Self-assembled monolayers of organic molecules (SAMs) on surfaces show great promise in the emerging field of molecular electronics due to tunable charge transport properties, long-range 2-dimensional order and ease of manufacture. Growth of SAMs on ferromagnetic surfaces offers the additional possibility of spin-dependent transport, making these systems relevant to molecular spintronics in e.g. spin-valves and magnetic tunneling junctions. In order to establish design principles for such applications, a thorough understanding of charge transport mechanisms over SAM-metal interfaces is of great importance.

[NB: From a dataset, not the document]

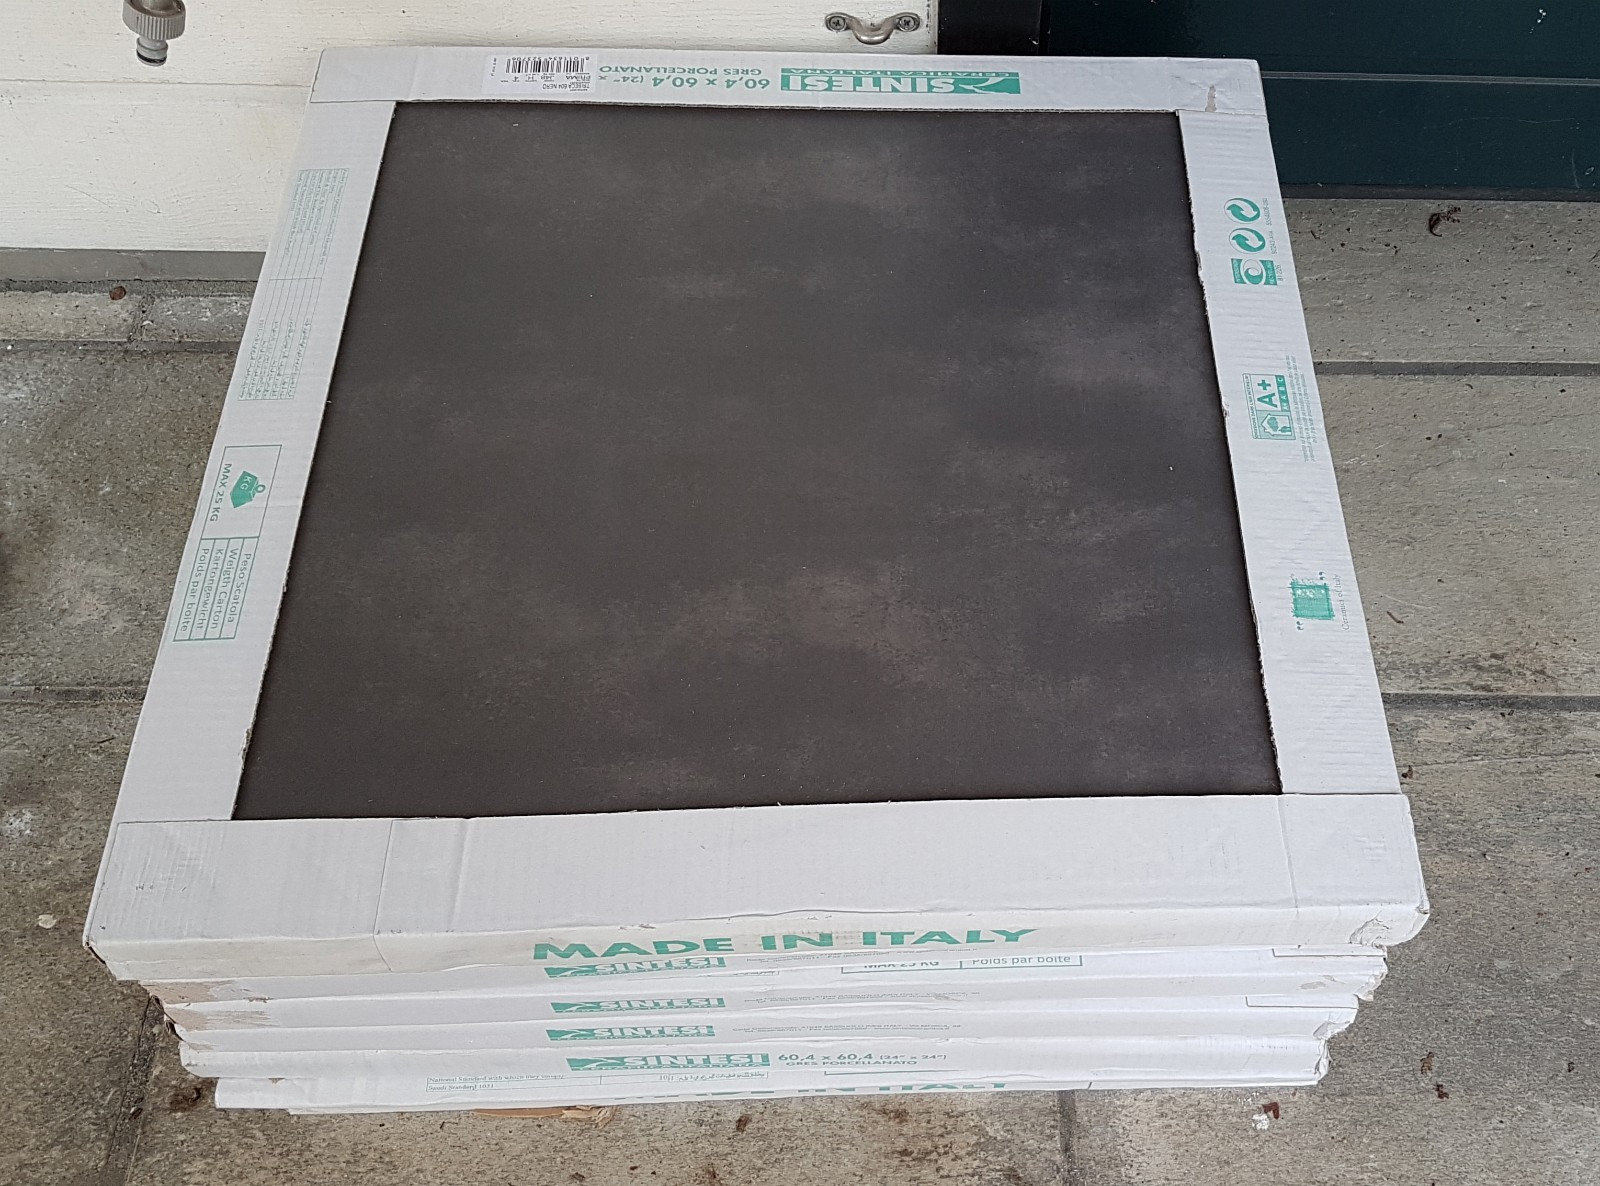 Fliser 60x60 Sintesi Tribeca Nero, koksgrå - Slependen  - Gulvfliser 60cm x 60cm Sintesi Tribeca Nero, koksgrå selges.  7 uåpnede pakker á 4 fliser, til sammen ca 10 kvadratmeter. Kjøpt august 2017 hos  Flisekompaniet. Nypris kr 399 per kvm. - Slependen

As an initial benchmark in this direction, we report calculations of spin-dependent electron transport in model systems of Argon monolayers on ferromagnetic Fe(110), Co(0001) and Ni(111) substrates. Spin-polarized charge transfer rates are calculated from the Fermi Golden Rule and explicit time propagation using first-principles parametrized model Hamiltonians. Results are compared to ultrafast core-hole-clock spectroscopy measurements, which found faster transport for minority electrons [1]. After benchmarking the protocol on Ar-metal systems we apply it to thiol-based model SAMs with an aim towards predicting tunable spin-transport behavior.
[1] F. Blobner et al., Phys. Rev. Lett. 112, 086801 (2014).